Los muchachos de Luis de la Fuente recorrieron Madrid en un autobús con el lema 'Reyes del Mundo' tras ganar el Mundial de 2026 a Argentina. El Gobierno cifró a los asistentes en torno a los dos millones de personas entre Zarzuela, Moncloa y Cibeles.
Madrid amaneció ayer teñida de rojo. Menos de 24 horas después de levantar la segunda Copa del Mundo de su historia, la selección española recorrió el centro de la capital subida a un autobús descapotable con el lema 'Reyes del Mundo' y dos estrellas doradas pintadas en el lateral.
Los jugadores bailaron y cantaron por las calles de Madrid ante aficionados eufóricos, las estimaciones del Gobierno hablan de cerca de dos millones de personas congregadas en la capital para ver a los jugadores, muchas vestidas de rojo, oro y con la ya famosa equipación blanca que ha hecho furor entre los seguidores del equipo. La jornada arrancó en el Palacio de la Zarzuela y se cerró, ya con música en directo, en la Plaza de Cibeles.

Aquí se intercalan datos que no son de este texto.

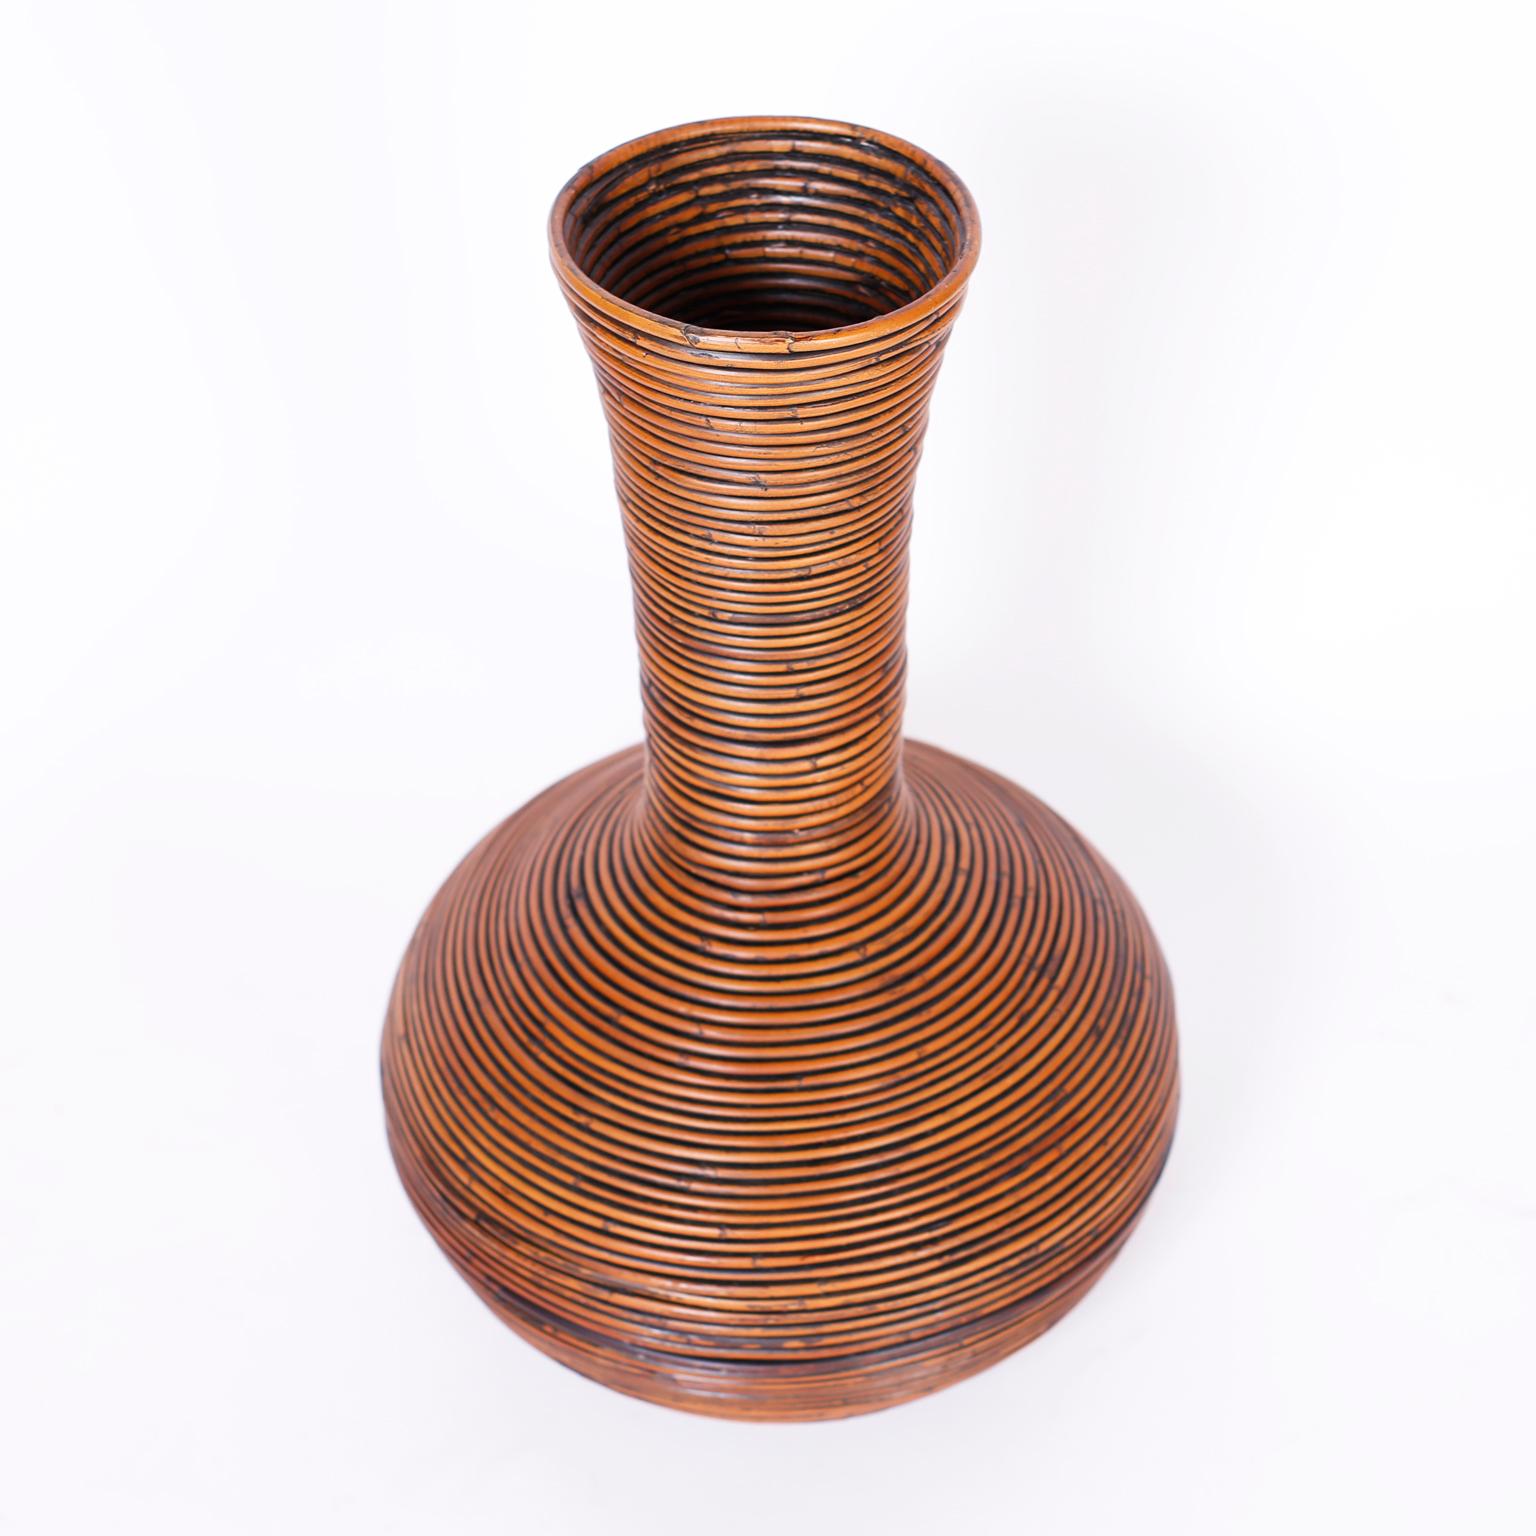 Mid century faux vase crafted with pencil reed in an ingenious bending technique in a classic modern form.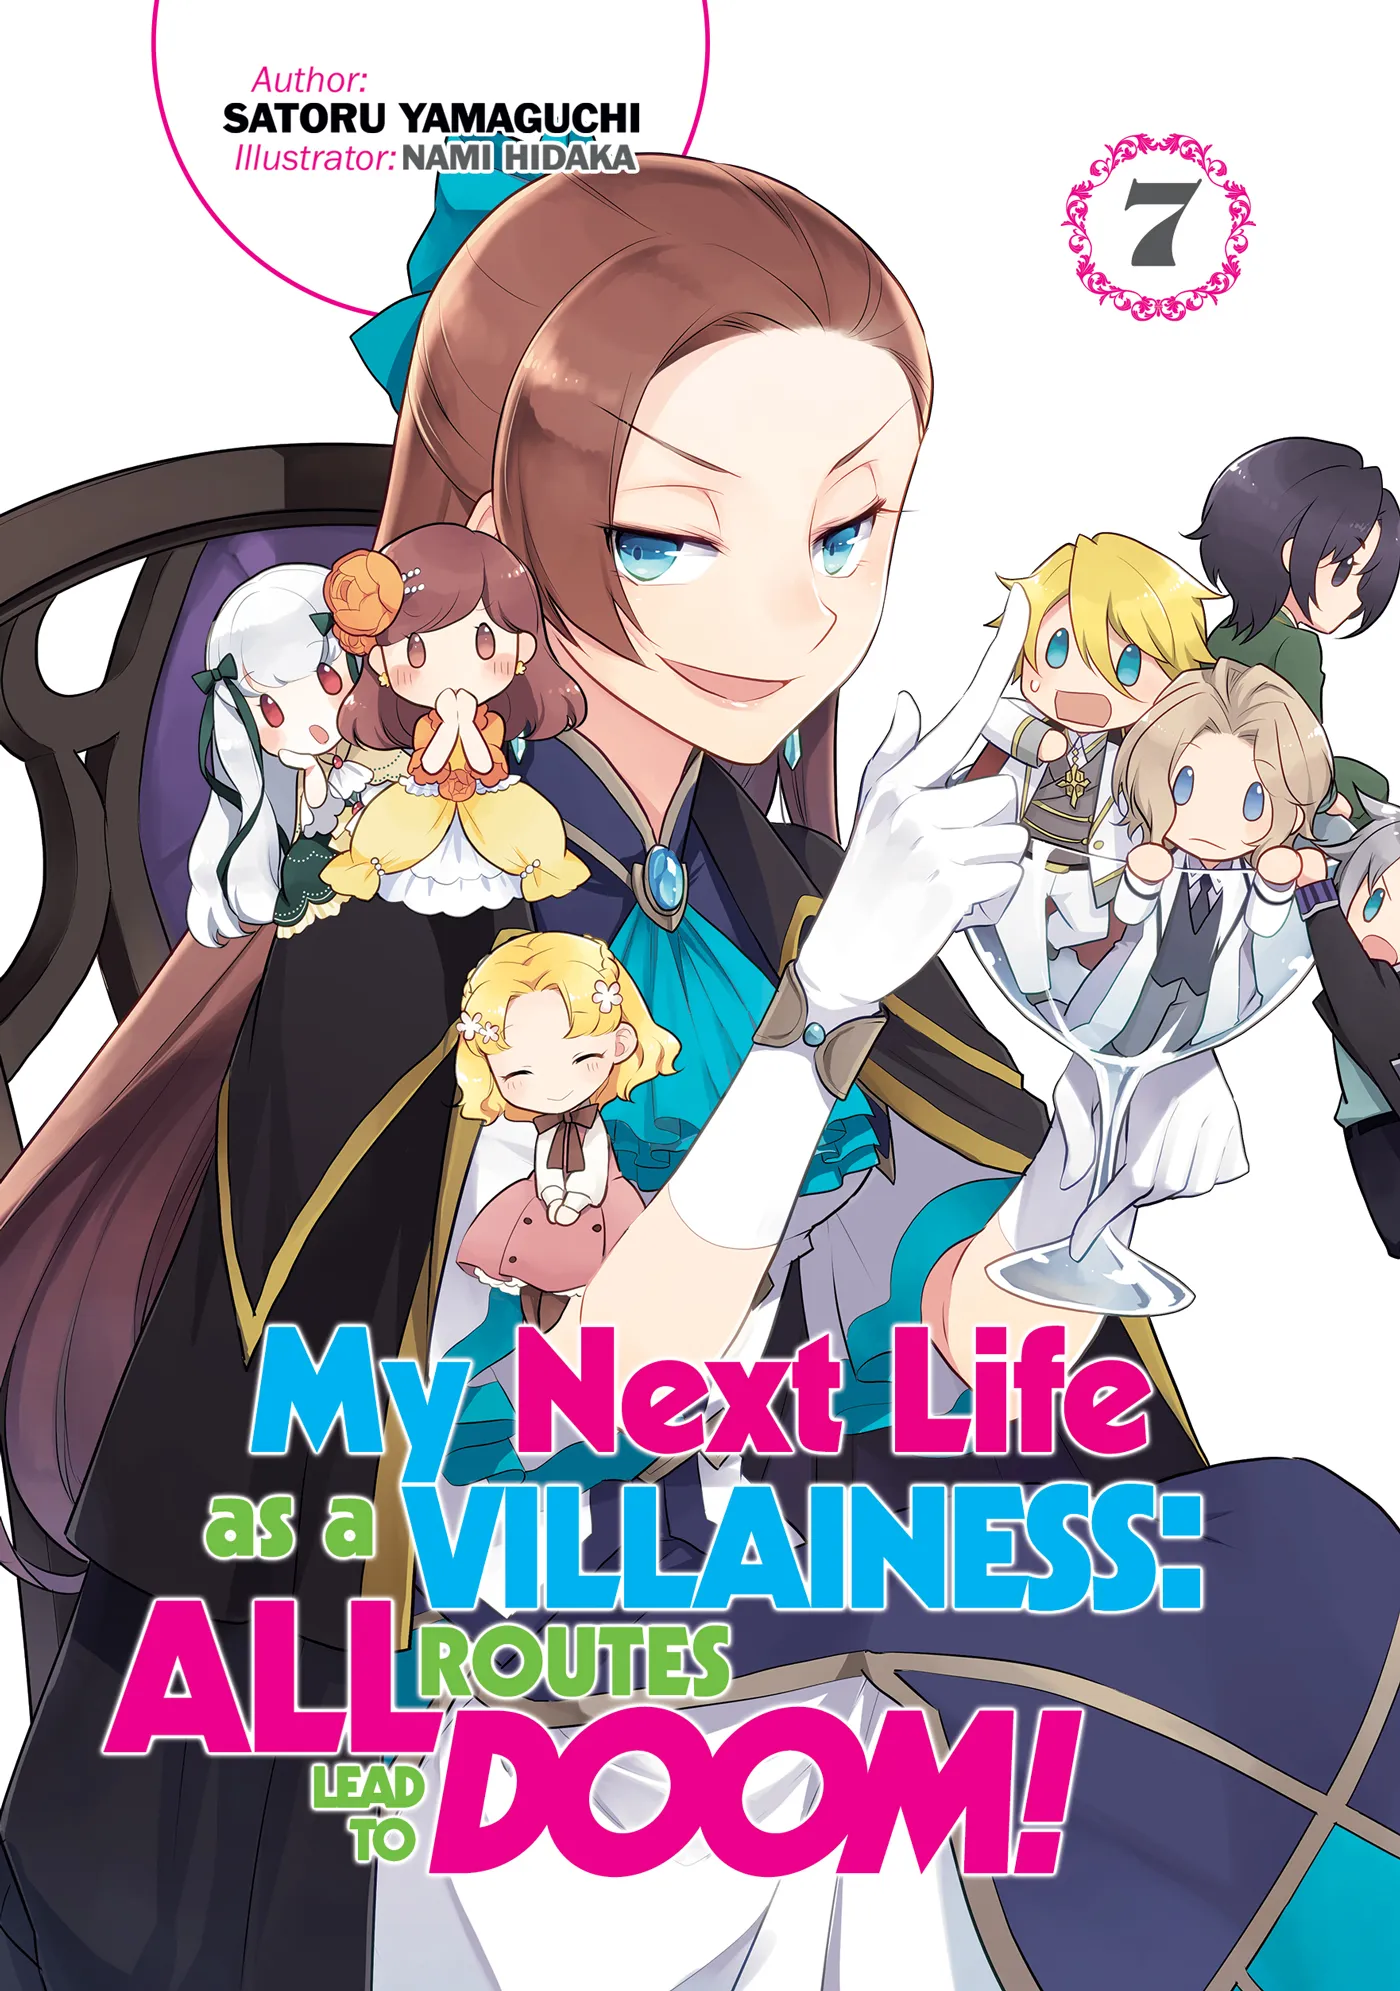 My Next Life as a Villainess: All Routes Lead to Doom! Volume 7 (My Next Life as a Villainess: All Routes Lead to Doom! #7)

Los reyes Felipe y Letizia, junto a la princesa Leonor y la infanta Sofía, recibieron uno a uno a los campeones en La Zarzuela, en un ambiente de apretones de manos y felicitaciones antes de que arrancaran los actos institucionales. Desde allí, la comitiva pasó por Moncloa para encontrarse con Pedro Sánchez y trabajadores, y familia, del Gobierno y enfiló hacia el centro, donde miles de aficionados llevaban horas esperando bajo el calor de julio para no perderse el paso del autobús.
Al llegar a la Zarzuela, el rey Felipe VI dedicó unas palabras a la plantilla por la victoria en el Mundial, con un mensaje breve pero elogioso: "Habéis sido piña, solidarios, generosos" en el camino hacia el título. El destino final fue Cibeles, ya convertida en el escenario habitual de este tipo de celebraciones, donde la fiesta se prolongó hasta bien entrada la noche.
Conciertos y cánticos hasta la madrugada
La celebración en Cibeles no fue solo futbolística. Aitana, Ana Mena, Lola Índigo, Arde Bogotá y Viva Suecia subieron al escenario para amenizar la espera de los aficionados, junto a sesiones de DJ y la actuación de los ganadores del Benidorm Fest 2026.
Fue el cierre musical a una jornada que había arrancado con recepciones oficiales y que terminó con la plaza abarrotada, coreando el nombre de un equipo que ya luce la segunda estrella en el pecho.
En la presentación de la plantilla sobre el escenario de Cibeles, cada jugador salió acompañado por la canción que él mismo había elegido para el momento, en una lista tan variopinta que fue de Julio Iglesias a Bad Bunny. Marc Cucurella, uno de los más aclamados por el público, subió al ritmo de Duki.
Las declaraciones más espontáneas, sin embargo, llegaron después, ya de madrugada, a pie del autobús. Preguntado por el gol que dio el título, Ferrán Torres quiso quitarle solemnidad al momento con un escueto "no me acuerdo", entre risas.
Dani Olmo prefirió pensar en la afición que llevaba horas esperando en la calle, y Mikel Merino, de los últimos en abandonar la fiesta por pararse a firmar autógrafos, resumió el sentimiento compartido: el título lo habían ganado ellos, pero era de todos.